Сердитый, но учтивый лесник проворно отстегнул цепь, и жердь взлетела вверх: хайль, Папашин?
— Пожалуйста, Ович. Только дальше первого родника все равно не проедете.
— Это кто тебе сказал такую глупость? — удивился хозяин ущелья.
Джип легко влетел на подъем и помчался по заснеженной дороге, извивающейся между лесистых теснин, вдоль горного ручья к сияющей вершине.
И только он скрылся за елями, как лесник плюнул вслед и облегчил душу таким густым сквернословием, что, если бы слова могли материализоваться, — непроглядный туман покрыл бы все ущелье. Он поднял расплющенную колесами фуражку, отряхнул ее, похлопав о бедро. Посмотрел. Вздохнул. И выбросил в ручей.
Между тем машина миновала первый родник — и мотор заглох.
Быть того не может!
Неловко перед иностранными гостями за иностранный же автомобиль.
— Черту переехал — вот он и заглох. Здесь все глохнут, — утешил, проходя мимо, спускавшийся сверху турист в фуфайке. Локти брезентом подшиты. Очки сверкают, как две блесны.
— Постой. О чем ты говоришь? Какую черту?
— Ты, мужик, в запретный круг въехал, — охотно объяснил горный бродяга. — Тормоза отпусти, скатись метров на десять ниже — она и заведется. Дальше все равно не проедешь. И не пытайся. Дальше только пешком. Ходить-то не разучился? Поди, из кухни в зал на джипе ездишь?
— Какой круг? Что здесь происходит?
— Леший шалит, — сказал турист с одобрением и, раскачиваясь как метроном, шурша штанами, потопал вниз.
— Леший. Какой к черту леший?
Джип скатился вниз и тотчас же завелся.
Играя желваками, Папашин бросил машину вперед, пытаясь с разгону перепрыгнуть невидимую границу. Но джип, словно в вату, уткнулся в упругий воздух.

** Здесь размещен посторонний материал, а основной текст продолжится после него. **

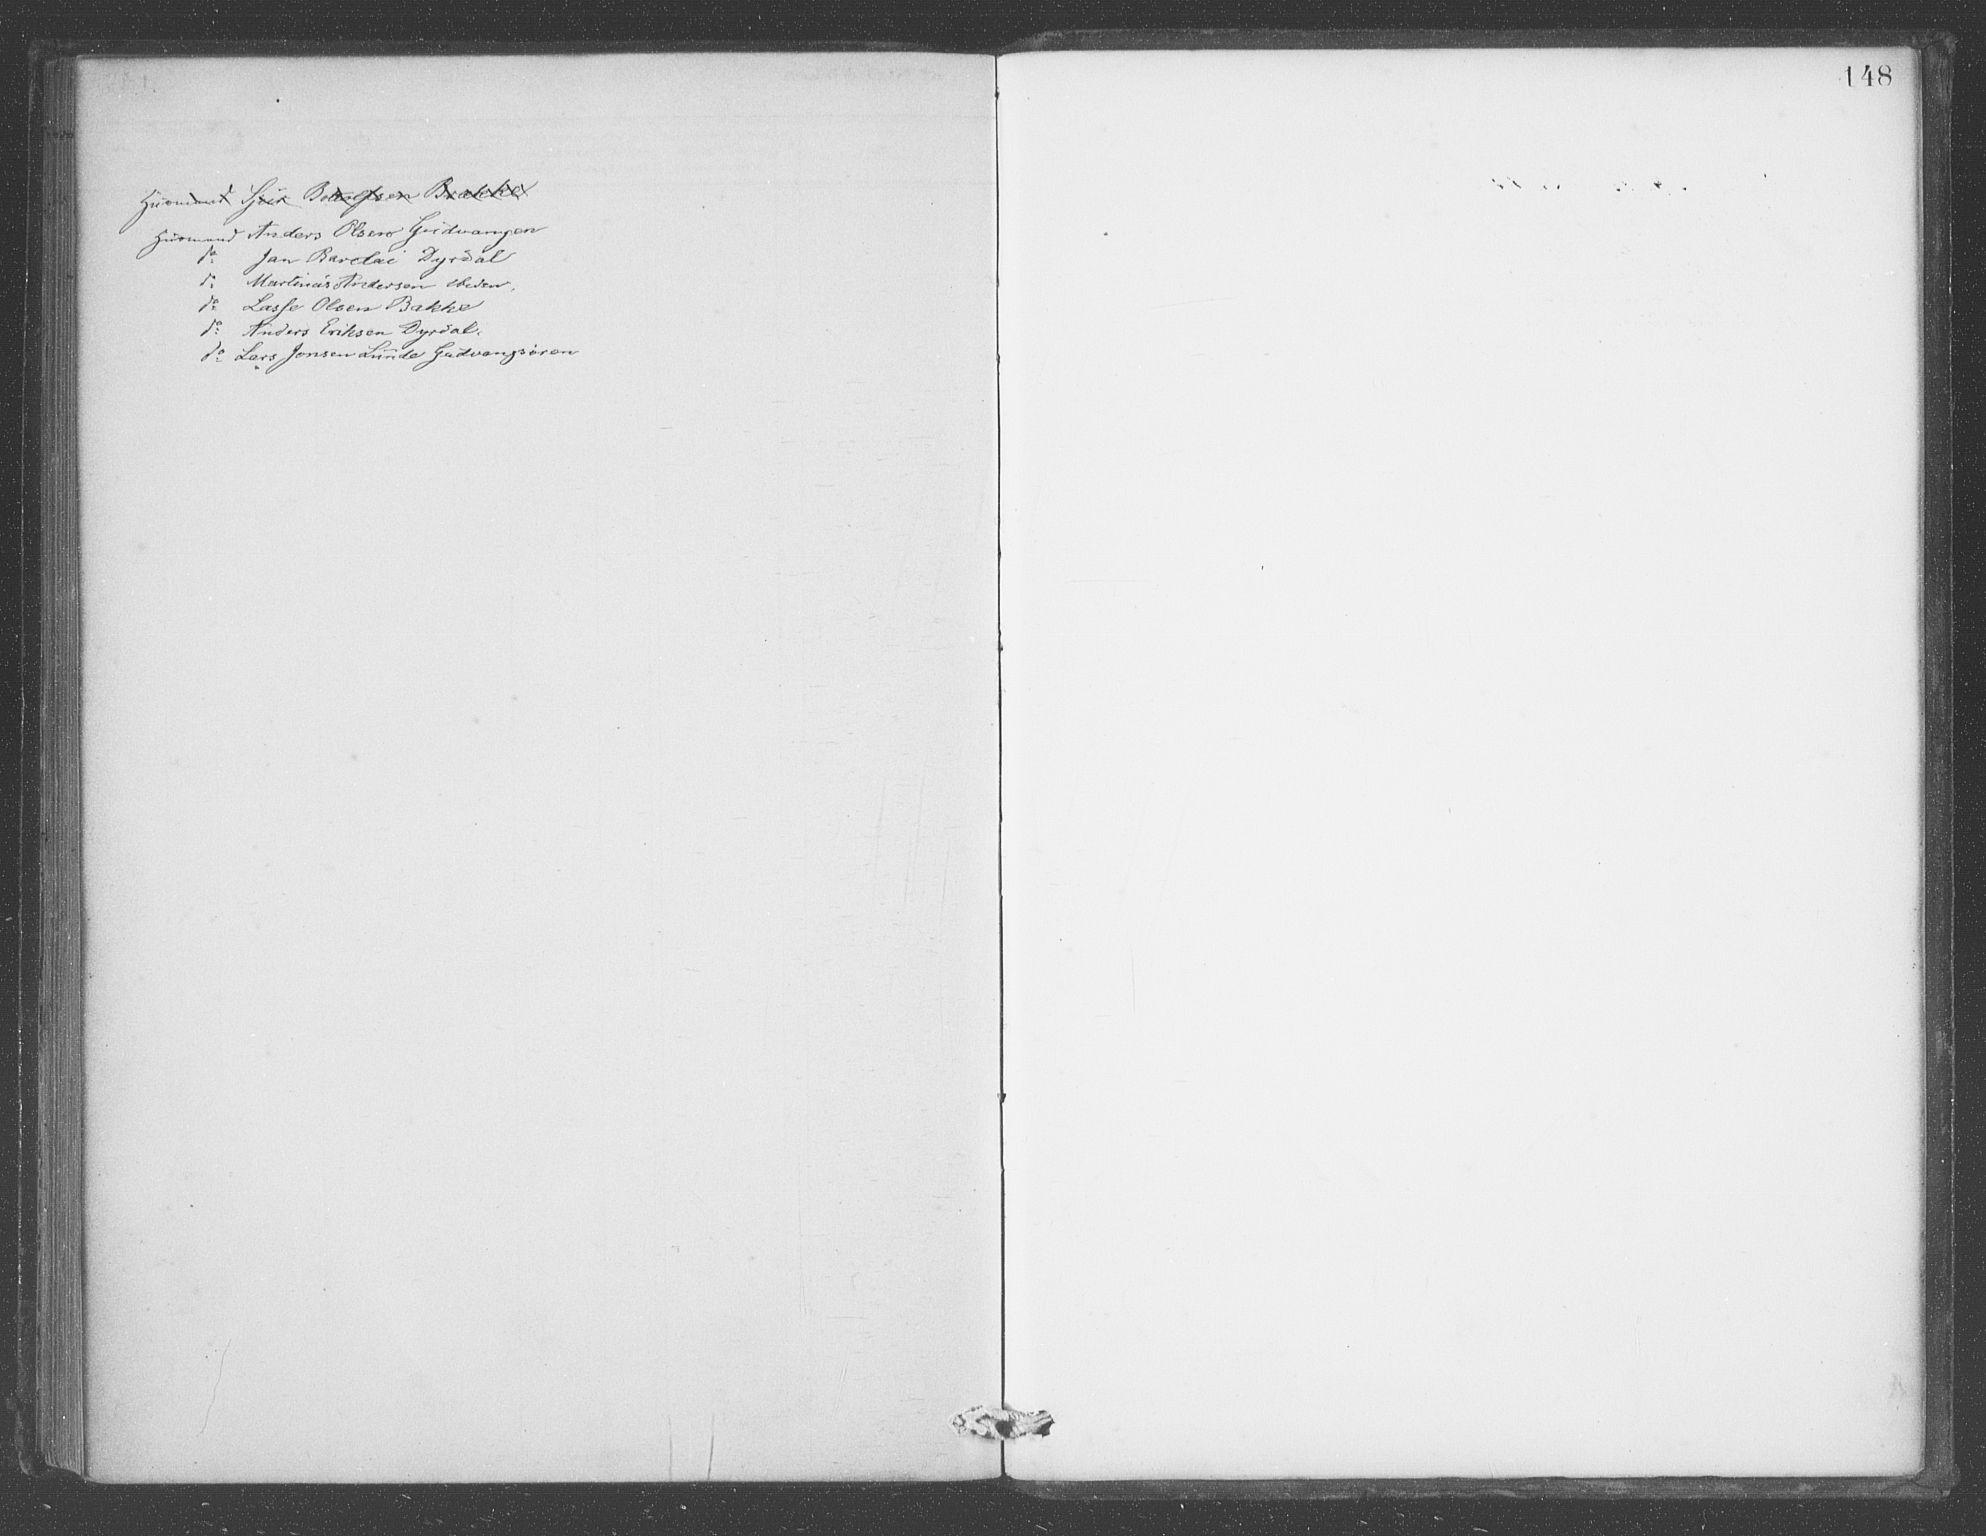 SAB, Aurland sokneprestembete, H/Ha/Had/L0001: Ministerialbok nr. D  1, 1880-1903, s. 148

Несколько раз хозяин ущелья повторял попытки, но с тем же успехом.
Не то чтобы страшно, а досадно. Главное, непонятно — кому сунуть, чтобы пропустил. Здесь, у невидимого порога, случилось нечто ужасное: кончилась власть денег. И ты уже не всесильный Папашин, а вроде бы постороннее ничтожество.
Еще бы не досадно.
Подошедший лесник стоял поодаль. Заложив руки за спину, простоволосый, почтительно наблюдал за происходящим.
— Черт с ним, — наконец сдался Папашин, — оставим машину здесь. Пешком прогуляемся. Снежком похрустим. Полезно для здоровья.
— Ович, ружья брать не советую, — как бы извиняясь, сказал лесник.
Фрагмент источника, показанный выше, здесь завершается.